Dr. Mellata and her team’s project focuses on improving food safety by reducing harmful bacteria in poultry products. Its major goals are: 1) advance our understanding of the zoonotic risk of ExPEC (extraintestinal pathogenic E. coli) infections from chickens; and 2) develop and evaluate a vaccine for chickens to protect them and humans against ExPEC and Salmonella infections.
ExPEC is the leading cause of blood poisoning (sepsis) in humans. It can also cause diseases such as urinary tract infections and neonatal meningitis, which occurs when a mother passes an E. coli infection to her baby during birth.
The team’s research revealed that when ExPEC are transferred from a chicken to a mouse, the mouse develops the same diseases that the bacteria cause in humans. This indicates that some ExPEC found
in humans may be derived from uncooked, undercooked, or cross-contaminated chicken-food products.

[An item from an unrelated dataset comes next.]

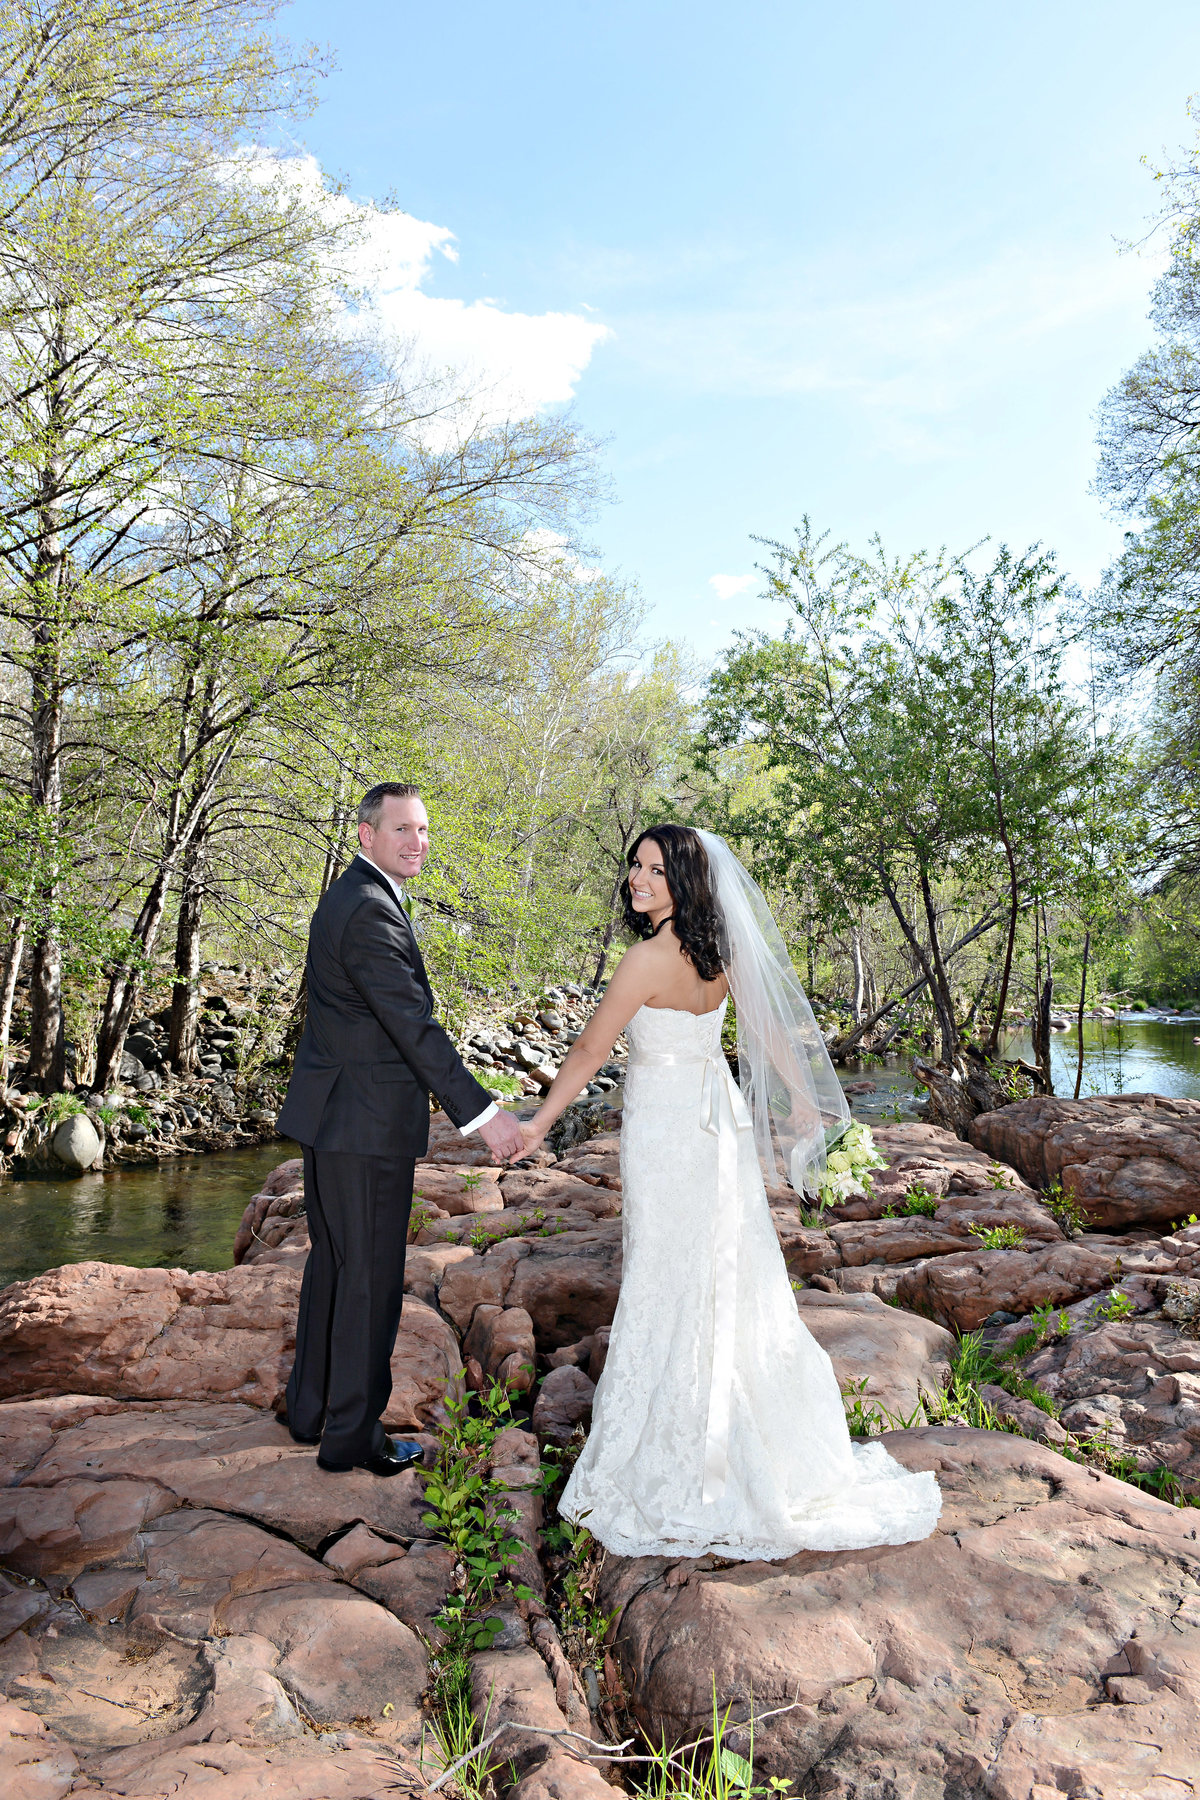 Bride and groom standing by a river in Sedona AZ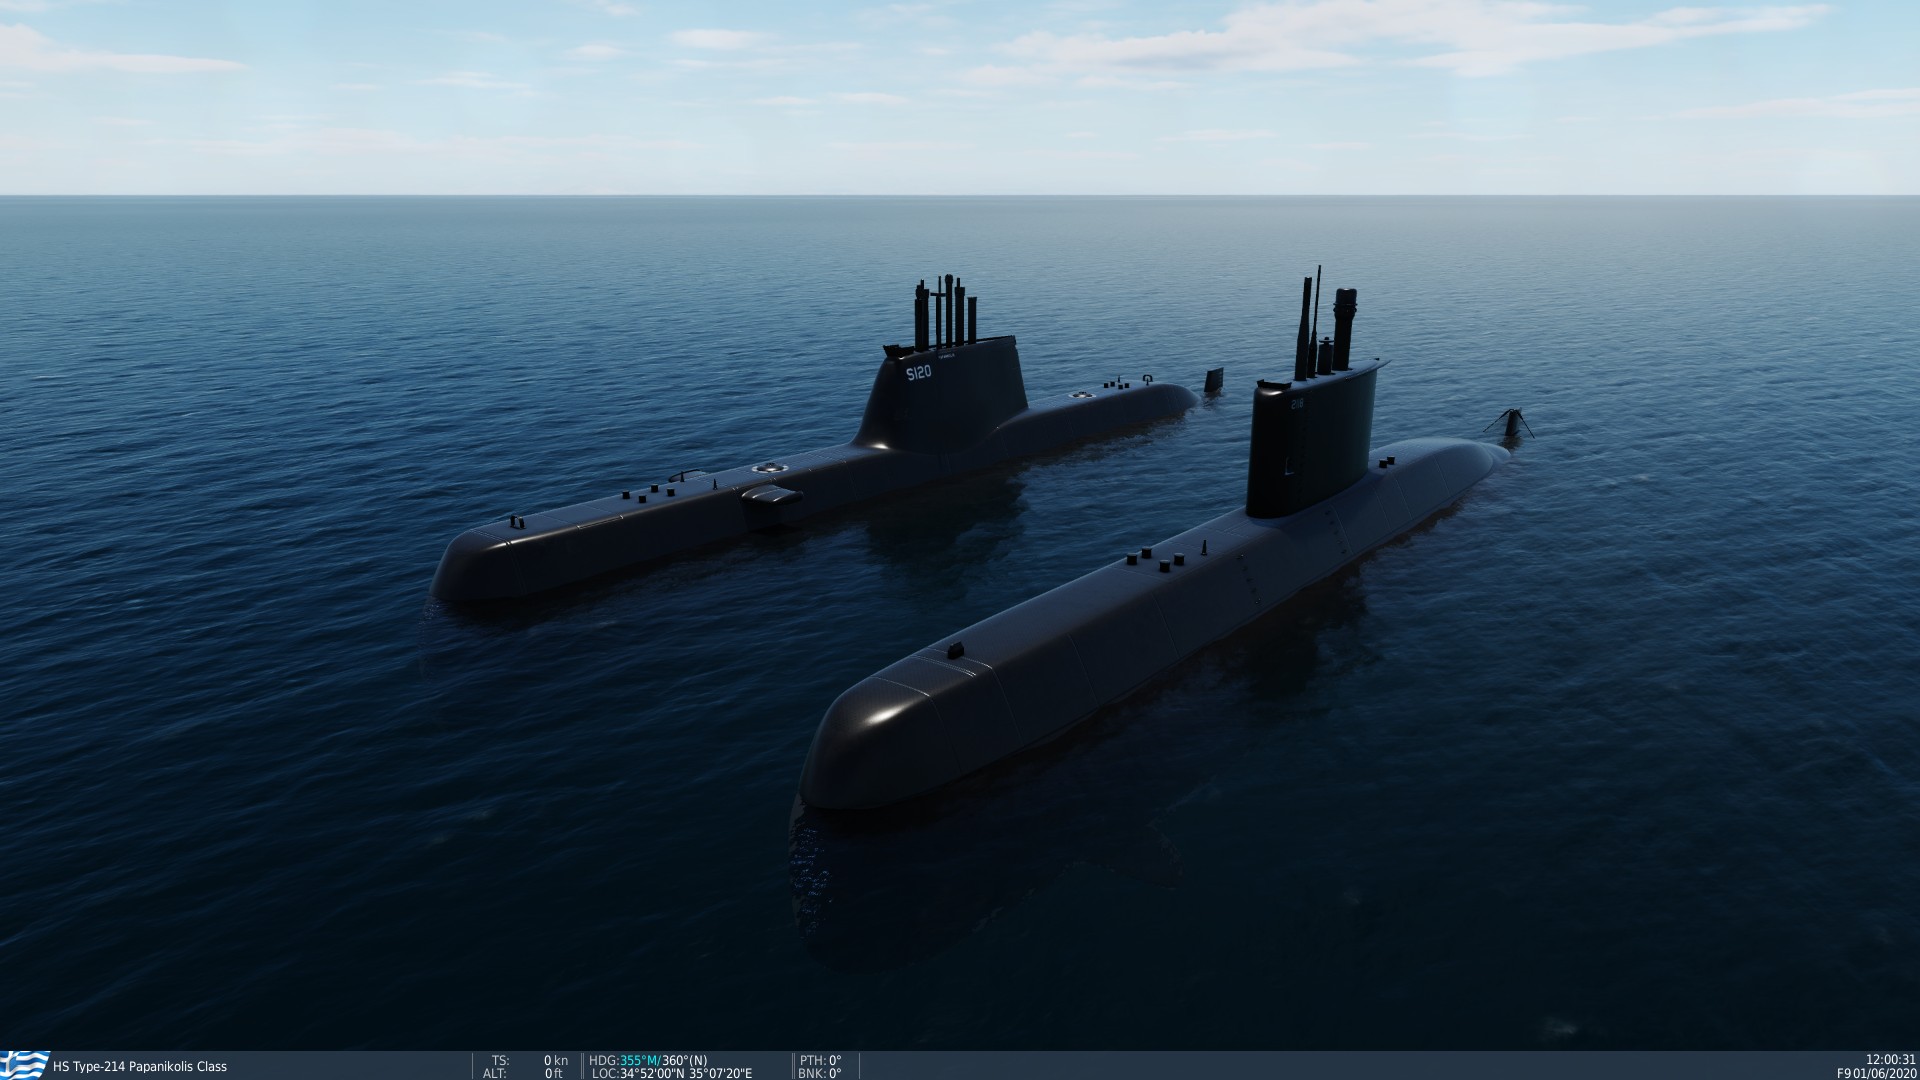 Submarines - Type209 and Type214 (both based on Greek versions) - UPDATED

The project also developed and evaluated vaccines that would eliminate the presence of diverse strains of Salmonella and ExPEC in chickens, and prevent diseases caused by E. coli strains in chickens and humans. While helping poultry farmers preserve their flocks, these vaccines would also protect people from zoonotic disease, and save billions of dollars in human health care costs.
At a young age, I started testing different cooking recipes in my parents’ kitchen. I soon realized that the quality of the final product depends on the quality of the ingredients. This developed my laboratory skills and my appreciation for wholesome foods. I’m excited that our research improves both human and animal health.